__Instructions for the task__.
Among the entries below, please repeat exactly and only the lines from the line containing "Nolachuckey robotics team photo" to the line containing "1460d82d6a2 Camisa Retrô", both lines included.

__Supplied material__.

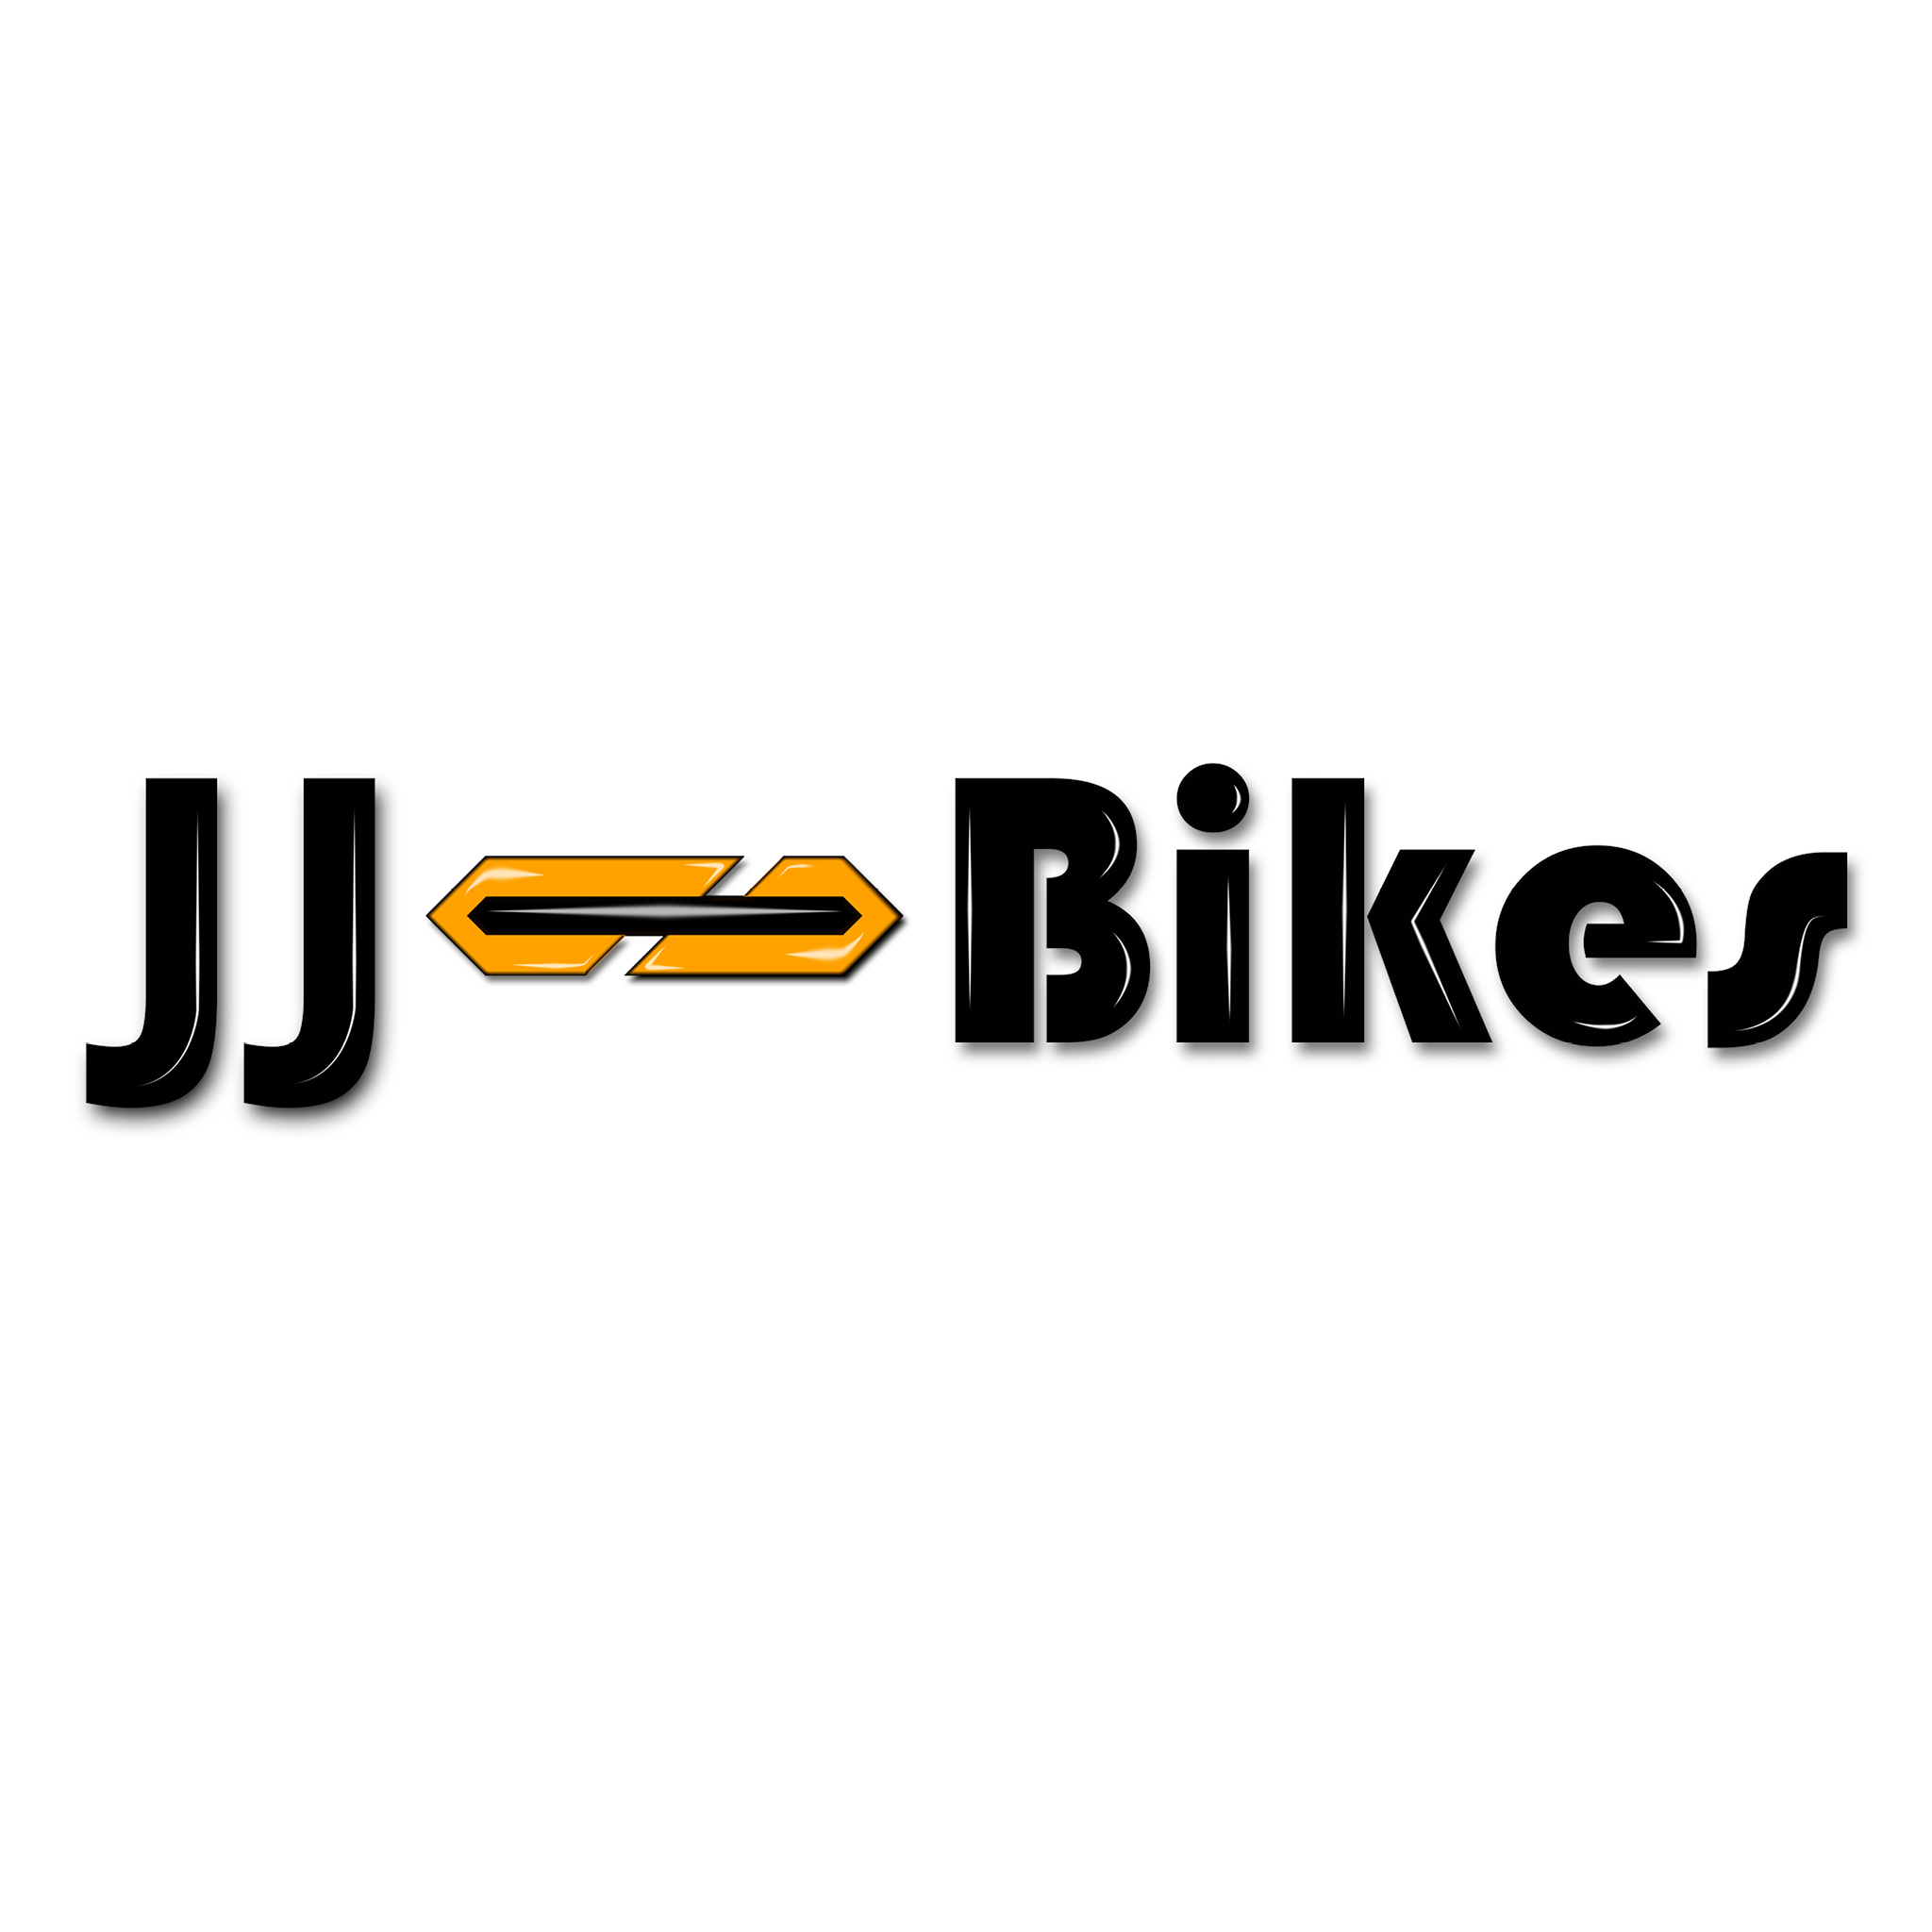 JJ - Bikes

...

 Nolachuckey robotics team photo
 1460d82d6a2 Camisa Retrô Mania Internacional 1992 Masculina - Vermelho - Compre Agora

__Answer box__.
 Nolachuckey robotics team photo
 1460d82d6a2 Camisa Retrô Mania Internacional 1992 Masculina - Vermelho - Compre Agora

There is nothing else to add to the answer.